Sequential data is data indexed by an ordered variable, usually time or position. We write a sequence as

$$ x_1, x_2, \ldots, x_T, $$

where $T$ is the sequence length. The element $x_t$ is the observation at step $t$. In language, $x_t$ may be a token. In audio, it may be a waveform sample or a spectrogram frame. In time-series forecasting, it may be a vector of measured variables at time $t$.

A sequence can contain scalar observations,

$$ x_t \in \mathbb{R}, $$

or vector observations,

$$ x_t \in \mathbb{R}^d. $$

For example, a weather sequence may have one vector per hour:

$$ x_t = \begin{bmatrix} \text{temperature}_t \ \text{humidity}_t \ \text{wind speed}_t \end{bmatrix} \in \mathbb{R}^3. $$

A batch of such sequences is usually stored as a tensor. In PyTorch, a common shape convention is

[batch_size, sequence_length, feature_dim]

For example:

import torch

B = 32   # batch size
T = 100  # sequence length
D = 16   # features per time step

x = torch.randn(B, T, D)
print(x.shape)  # torch.Size([32, 100, 16])

Here x[:, 0, :] contains the first time step for every sequence in the batch, while x[:, t, :] contains the observations at step t.

Why Order Matters

For independent data, we often assume that each example can be processed without reference to other examples. Image classification is often treated this way: one image enters the model, one label comes out.

Sequential data violates this simple view. The meaning of an element depends on context.

Consider the sentence:

$$ \text{the bank raised interest rates} $$

and compare it with:

$$ \text{the boat reached the river bank} $$

The word “bank” has different meanings because of the surrounding tokens. A model that ignores order loses this information.

The same problem appears in time series. A temperature reading of $30^\circ$ has different meaning depending on whether the previous readings were rising, falling, stable, seasonal, or anomalous.

A sequence model must therefore represent dependency across positions.

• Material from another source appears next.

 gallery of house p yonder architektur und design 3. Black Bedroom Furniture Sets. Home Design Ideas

Types of Sequence Problems

Sequence modeling tasks can be grouped by the shape of their inputs and outputs.

Task type	Input	Output	Example
Sequence-to-one	sequence	single value	sentiment classification
Sequence-to-sequence	sequence	sequence	machine translation
One-to-sequence	single value	sequence	image captioning
Next-step prediction	prefix sequence	next element	language modeling
Sequence labeling	sequence	label per step	named entity recognition

In sequence-to-one learning, the model reads a full sequence and returns one prediction. For example, a sentiment classifier reads a sentence and predicts whether the review is positive or negative.

$$ (x_1, \ldots, x_T) \mapsto y $$

In sequence-to-sequence learning, the model maps one sequence to another sequence. Machine translation is the standard example.

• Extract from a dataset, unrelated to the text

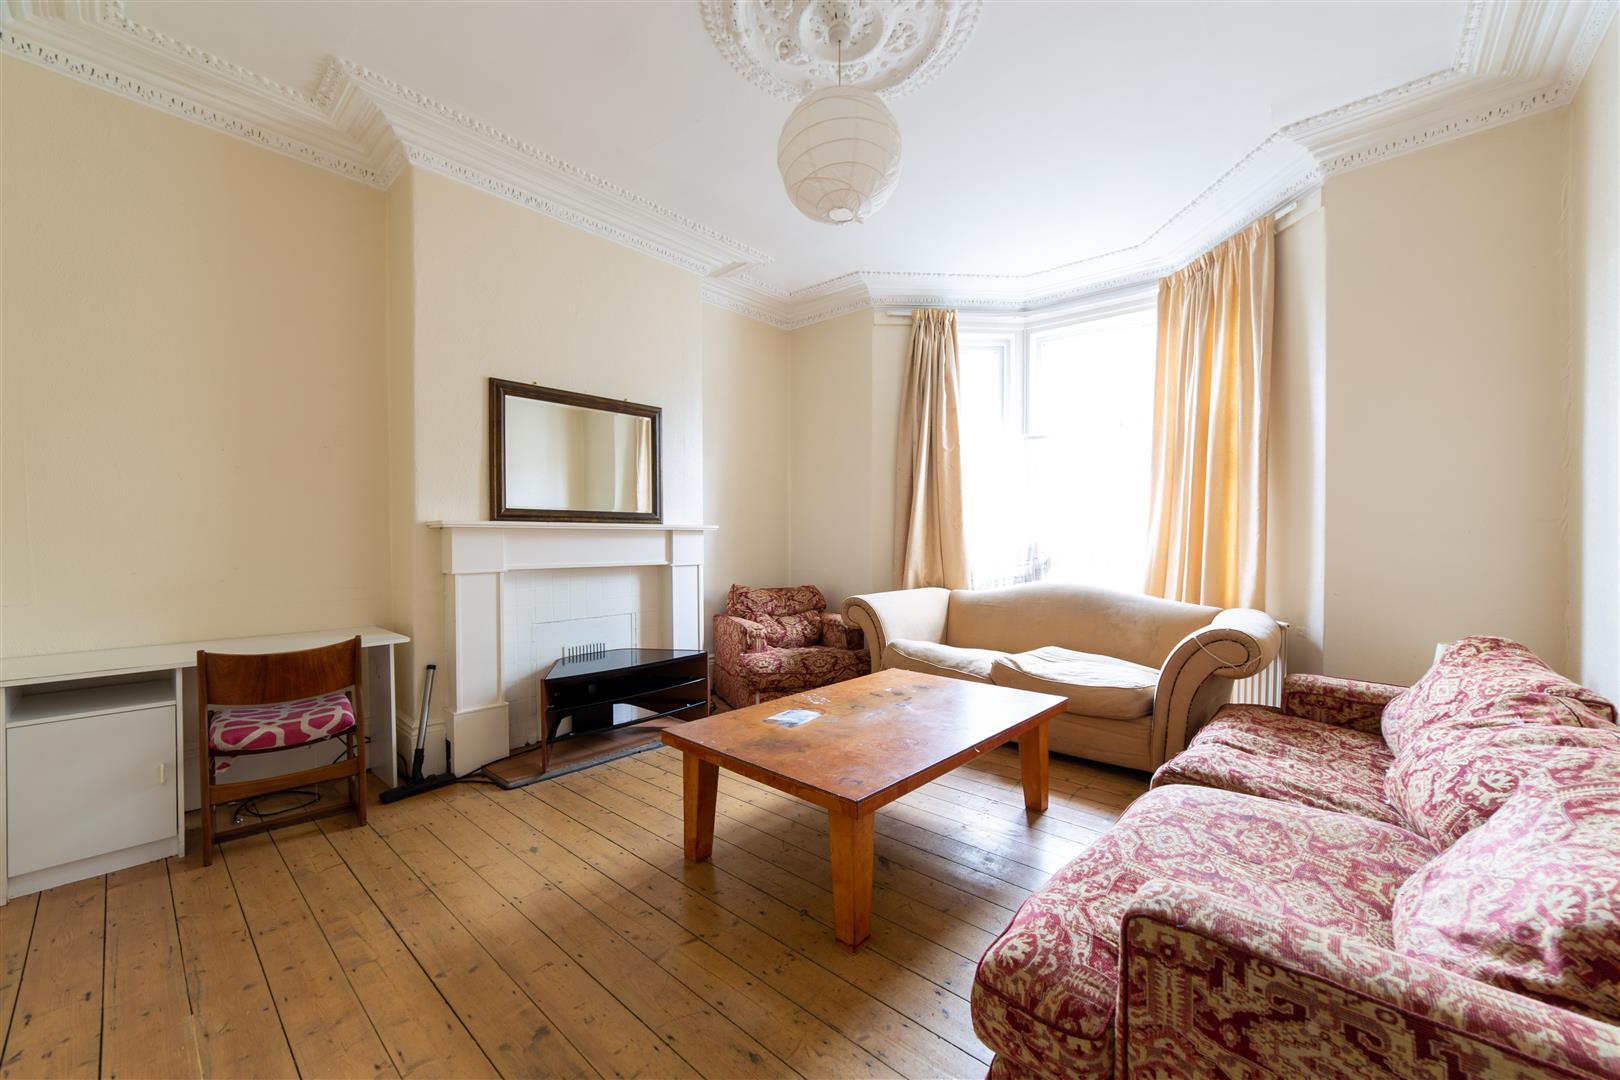 4 bed terraced house to rent in Newcastle Upon Tyne, NE2 3LJ, NE2

$$ (x_1, \ldots, x_T) \mapsto (y_1, \ldots, y_S) $$

In next-step prediction, the model predicts the next element from previous elements:

$$ p(x_{t+1} \mid x_1, \ldots, x_t). $$

This objective is central to language modeling. Given a prefix of tokens, the model predicts the next token.

Temporal Dependence

Sequential data often contains temporal dependence. This means that nearby observations tend to be statistically related.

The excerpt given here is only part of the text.